Wireshark - This is the former Ethereal packet sniffer. Wireshark not only has a GUI front end, it also has a command line interface (tshark).
Winpcap - If you install the newest version of Wireshark it will install winpcap as well.
HTTP Sniffer - Optional if you don't want to mess with wireshark or tshark. In some ways, HTTP Sniffer is better suited but a little harder to work with because it is still under development.
wget or curl - Either of these command line programs are great to use. My preference for most tasks is wget. Curl has features wget does not have. For our purposes however, wget will work fine.
VideoLan - VideoLan is a client-side Audio-Video player that plays .flv files on your computer as well as straight off a video website.
Very brief howto on packet sniffing
After installing the above programs you will need to determine the interface you are using. In Linux or Unix tshark or if you use tcpdump will determine your interface automatically. In Windows you should issue the following command from the C:> prompt:
tshark -D
you will see something like the following:
1. \Device\NPF_GenericDialupAdapter (Adapter for generic dialup and VPN capture)
2. \Device\NPF_{EB5F7518-B4A0-4D10-B795-ED9744D59228} (VMware Virtual Ethernet Adapter)
3. \Device\NPF_{15A058C5-FA9F-4FA5-A38C-74D322C36EA4} (Broadcom 802.11b (Microsoft's Packet Scheduler) )

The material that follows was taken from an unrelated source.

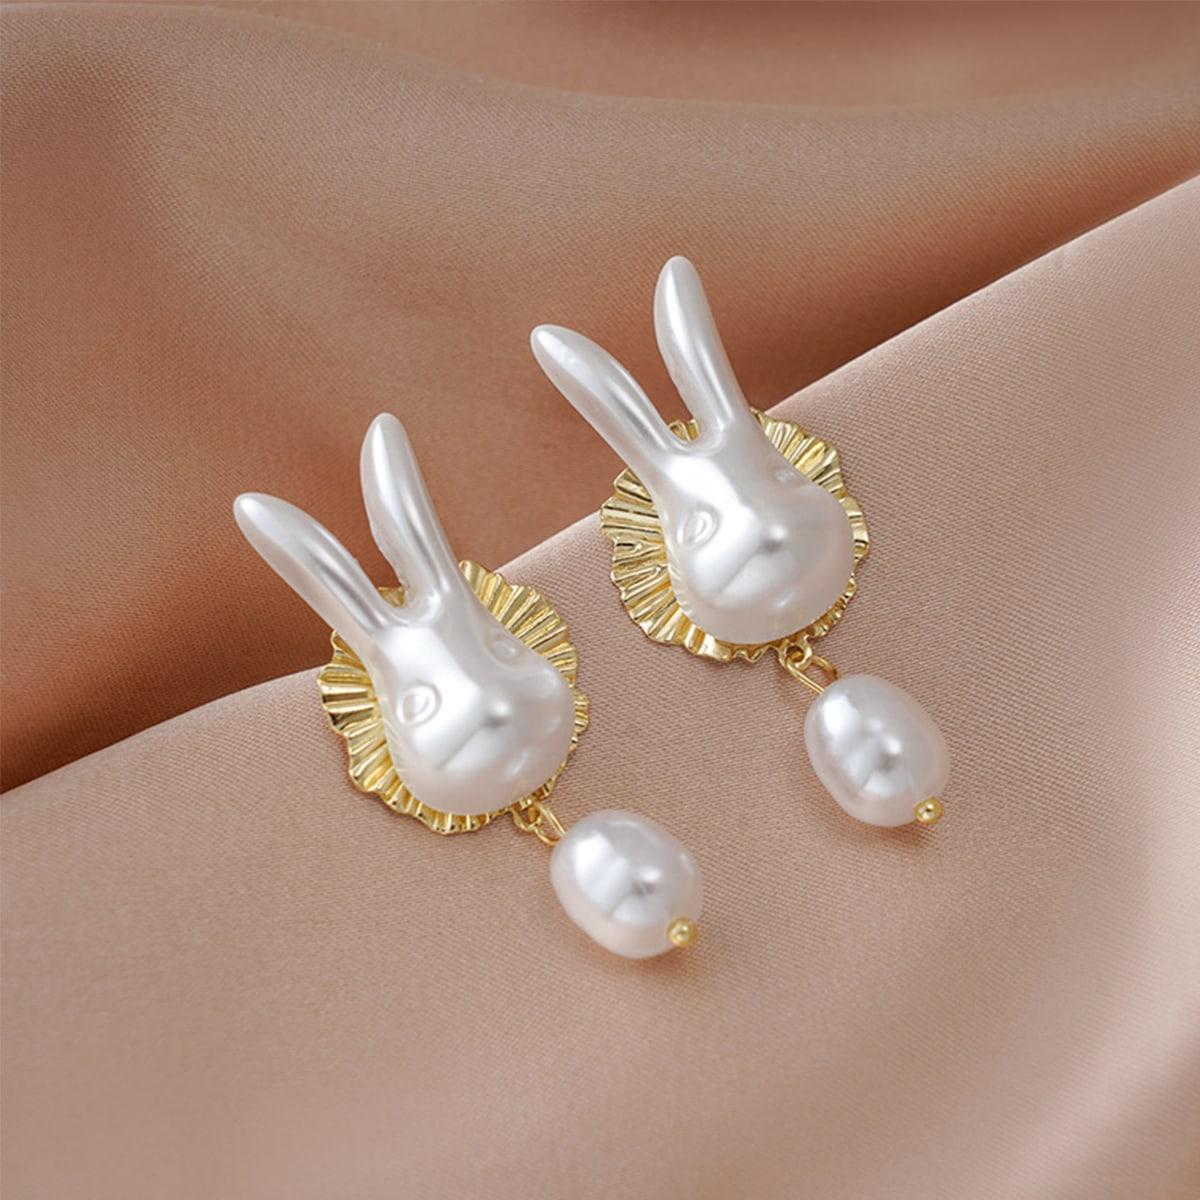 Faux Pearl Rabbit Drop Earrings, SHEIN  - buy with discount

4. \Device\NPF_{026B866A-79B3-43C7-A0F0-6809D6C7C4E9} (VMware Virtual Ethernet Adapter)
5. \Device\NPF_{AAD42C94-85EC-47A6-B4D7-EC374D0628A2} (National Semiconductor Corp. DP83815 10/100 MacPhyter3v PCI Adapter (Microsoft's Packet Scheduler) )

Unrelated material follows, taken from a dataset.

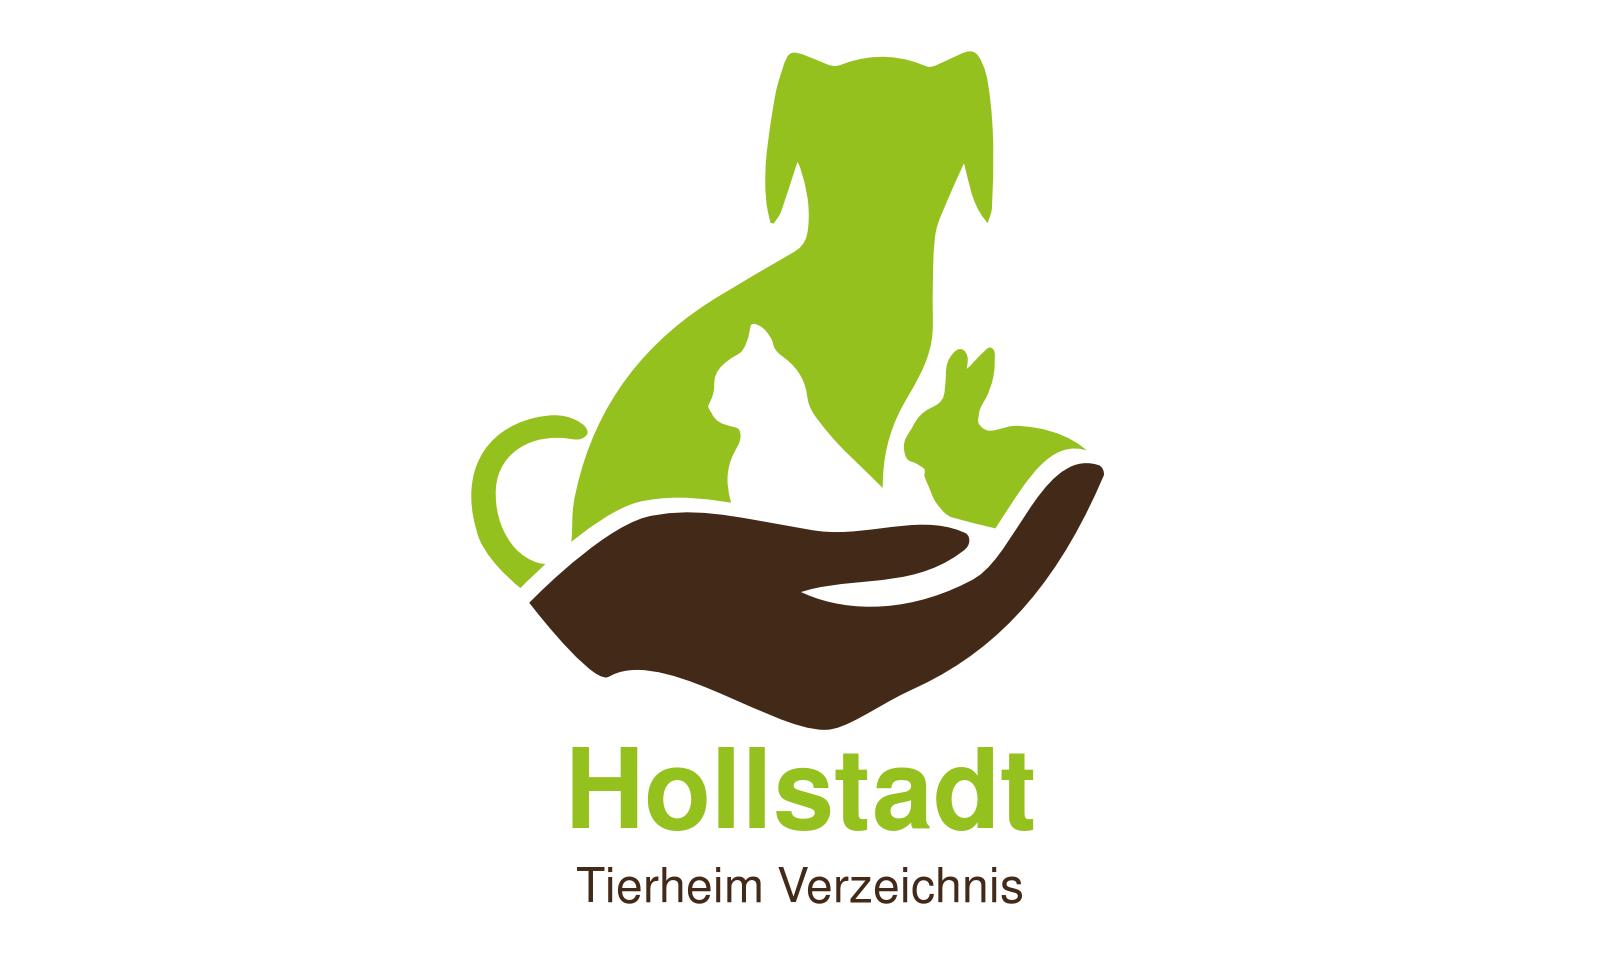 Tierheim Hollstadt

I had my ethernet interface disconnected and was using the Broadcom 802.11b interface(# 3.). When you have determined the active interface you can next check to see if it is correct by issuing the following from the command line:
C:\> tshark -i 3
You will see immediately something similar to the following:
17.846631 192.168.1.100 -> 192.168.1.104 TCP informer > netbios-ssn [FIN, ACK] Seq=1008 Ack=811 Win=64725 Len=0
17.846871 192.168.1.104 -> 192.168.1.100 TCP netbios-ssn > informer [ACK] Seq=811 Ack=1009 Win=65535 Len=0
17.849765 192.168.1.104 -> 192.168.1.100 TCP netbios-ssn > informer [FIN, ACK] Seq=811 Ack=1009 Win=65535 Len=0
17.849825 192.168.1.100 -> 192.168.1.104 TCP informer > netbios-ssn [ACK] Seq=1009 Ack=812 Win=64725 Len=0
If you don't see anything scrolling on your screen you chose the wrong interface and you should attempt to rediscover the correct interface using the:
C:\> tshark -D
command again.
Here is another brief explanation of the above lines. The first field on the left indicates the timestamp of the current session. The next field is the source ip address and the 3rd field is the destination ip address. The fourth field is the protocol and the last field is a description of the event.
Most if not all of this session has nothing useful for what we are going to use it for. You can see that my laptop is making netbios requests to a Samba server. The capture shows the session timestamp since the capture started, source ip address, destination ip address, TCP or UDP, source port and destination port and other packet information not relevant to the task at hand.
Looking for the correct packets
Now that we know how to capture packets, we should move on to how to find the one that will do something useful. We want to capture packets that will tell us where youtube's videos are stored so that we can download them.
All the bits and bytes swarming around the Internet are visible. Some packets are encrypted and not humanly readable but they are there nonetheless. HTTP traffic is very visible and public. Sometimes it is encrypted and sometimes it is obscured either by necessity or on purpose. Youtube .flv files are not encrypted so we won't need to worry about those. Youtube .flv files are somewhat obscured and that is what we want to discover. The information we want will be a TCP stream that carries the HTTP header payload that will tell us exactly where the flv file is located.
Capturing the packets
First start up wireshark or tshark but don't start capturing traffic yet. Next in your browser search for a video you want to download. In this example I am going to download the Snowbound video by Donald Fagan. Once you have searched for and found the video start wireshark. The URL for this particular video is: Snowbound - Donald Fagen. Play the video while capturing packets with wireshark. It is OK to stop the video once it starts streaming.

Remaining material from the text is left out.